ChartTrends: Rheumatoid Arthritis 2015 (US) provides insight into the management and treatment of RA patients by rheumatologists based on actual patient-level data. 224 U.S. rheumatologists provided data on 999 biologic/Xeljanz-treated RA patients and were surveyed to examine what they self-report about disease management along with chart audit data for RA patients. Through an in-depth review of specific patient charts, details such as product dosing and frequency, prior medications/switching analysis, concomitant medications, and patient demographic variables help identify treatment approaches for RA.
Questions Answered in This Report:
- Established TNF-α inhibitors are still leading the biologic patient share among audited RA patients. How much market share has more-recently launched RA products gained?
- Products that rheumatologists deem to be efficacious are important considerations when initiating RA treatment. How can newcomers compete with established products in the RA disease market?
- There are several new products in the RA pipeline that have mechanisms of action that differ from those of the well-established TNF-inhibiting biologics. How will forthcoming products for RA impact current brands?

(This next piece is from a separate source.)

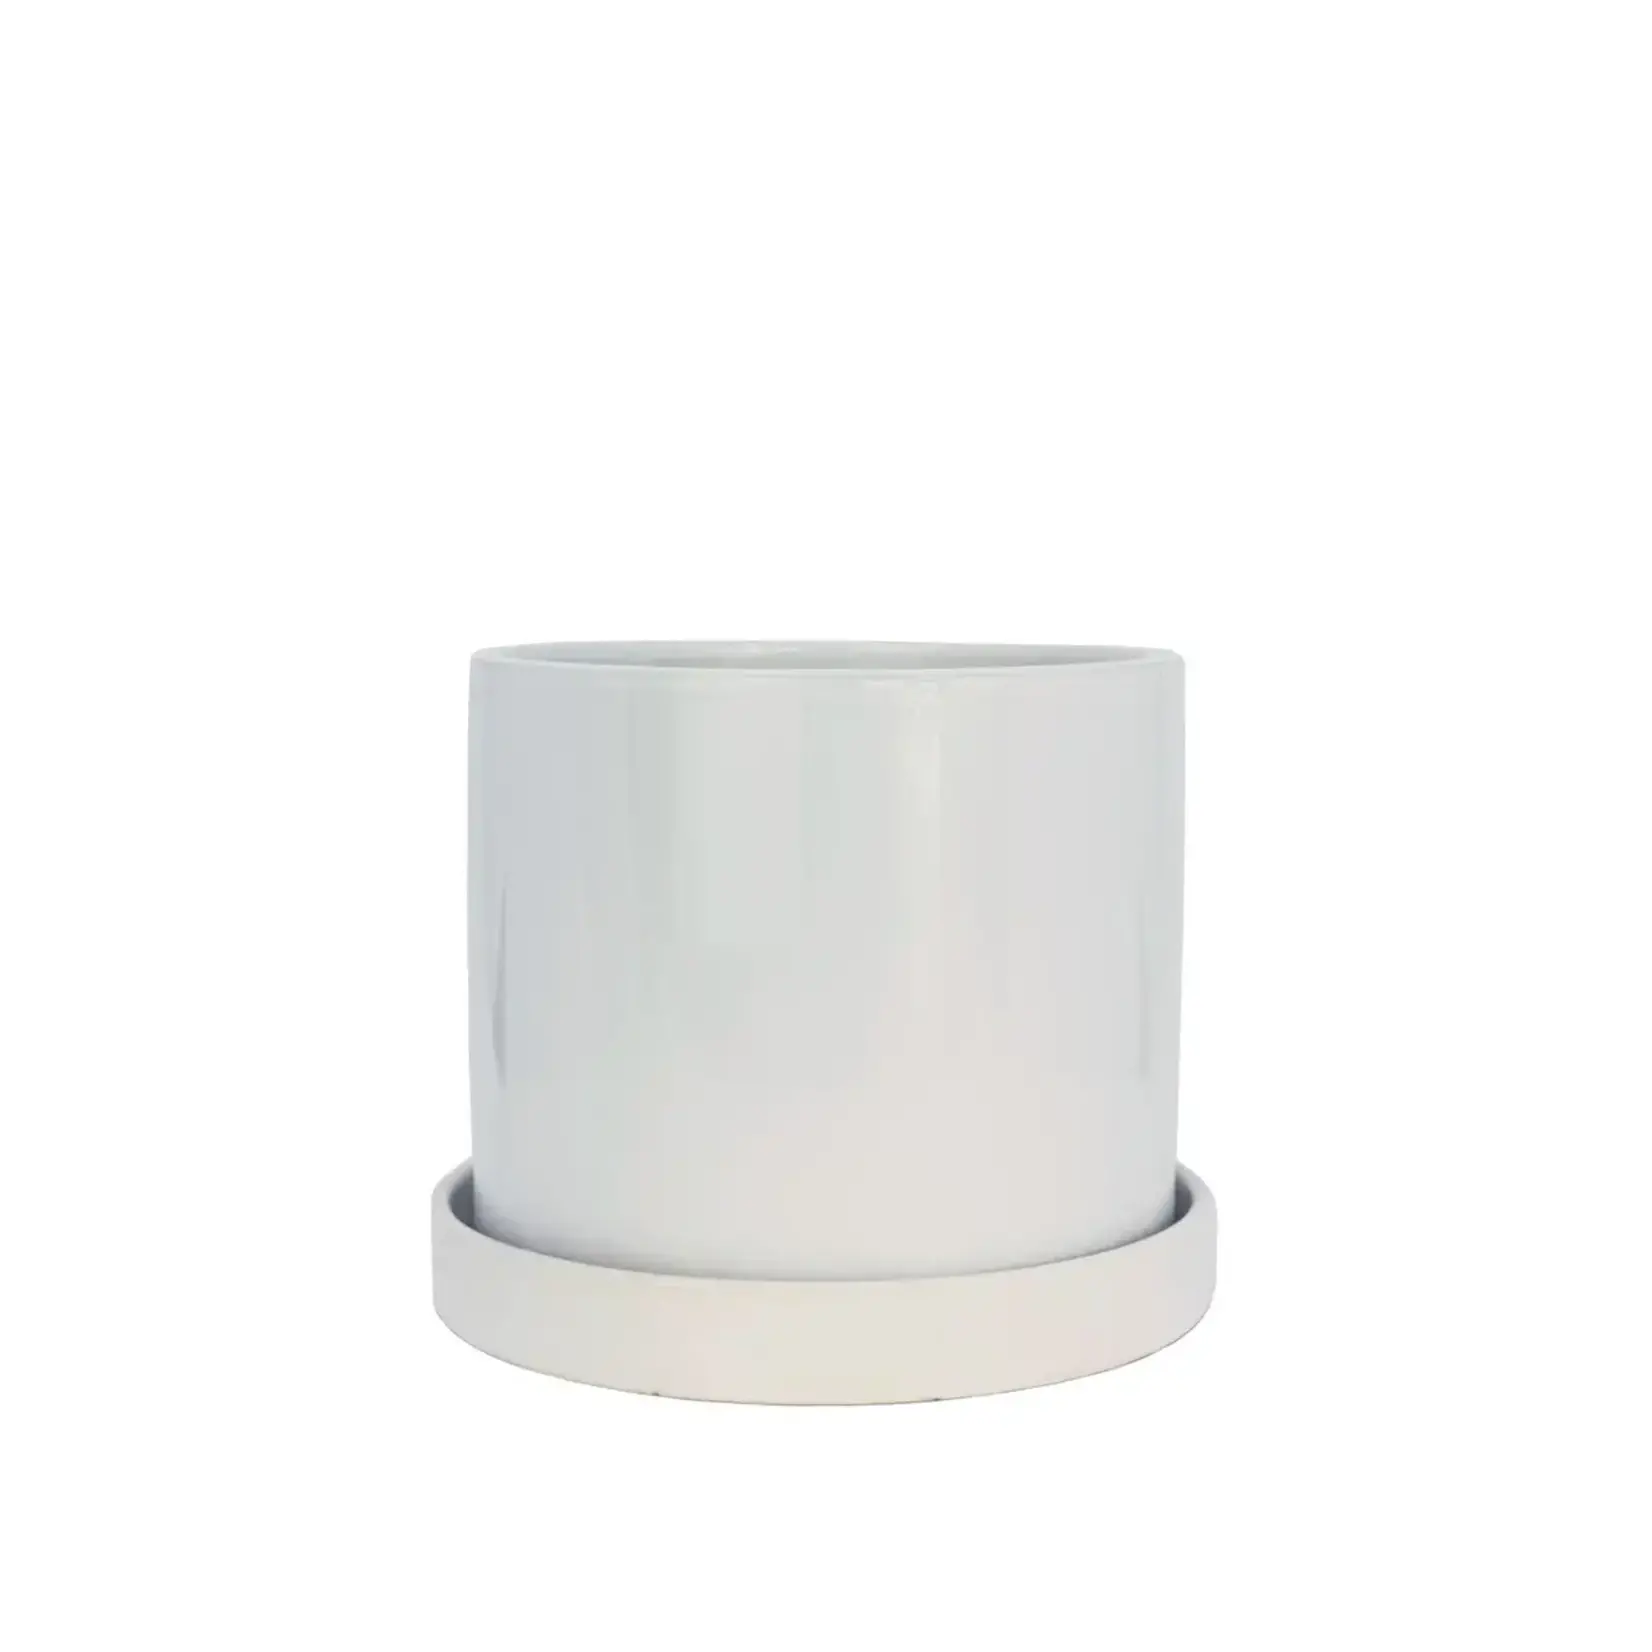 Modus Lifestyle Capri Pot w/saucer - White - 8"x7"

Markets covered: United States.
Primary research: 224 U.S. rheumatologists currently in clinical practice who treat a minimum of 100 RA patients (at least 50 of those patients need to be on biological agents), who have practiced between 2 and 30 years, and who spend more than 75% of their time in clinical practice. Upon completion of the Physician Profile Survey, respondents were directed to complete patient audits for 3-6 of their RA patients. Physicians were instructed to pick charts at random for patients they have personally seen within the past six months. Patients must be between the ages of 18 and 90 and be currently treated with an FDA-approved RA biologic or Xeljanz.
Methodology: 15-minute online survey for the physician profile with 3-6 patient charts per physician for the patient audit. Patient chart review takes 15 minutes each to complete.
Emerging therapies: Phase III: baricitinib, sarilumab, sirukumab, secukinumab.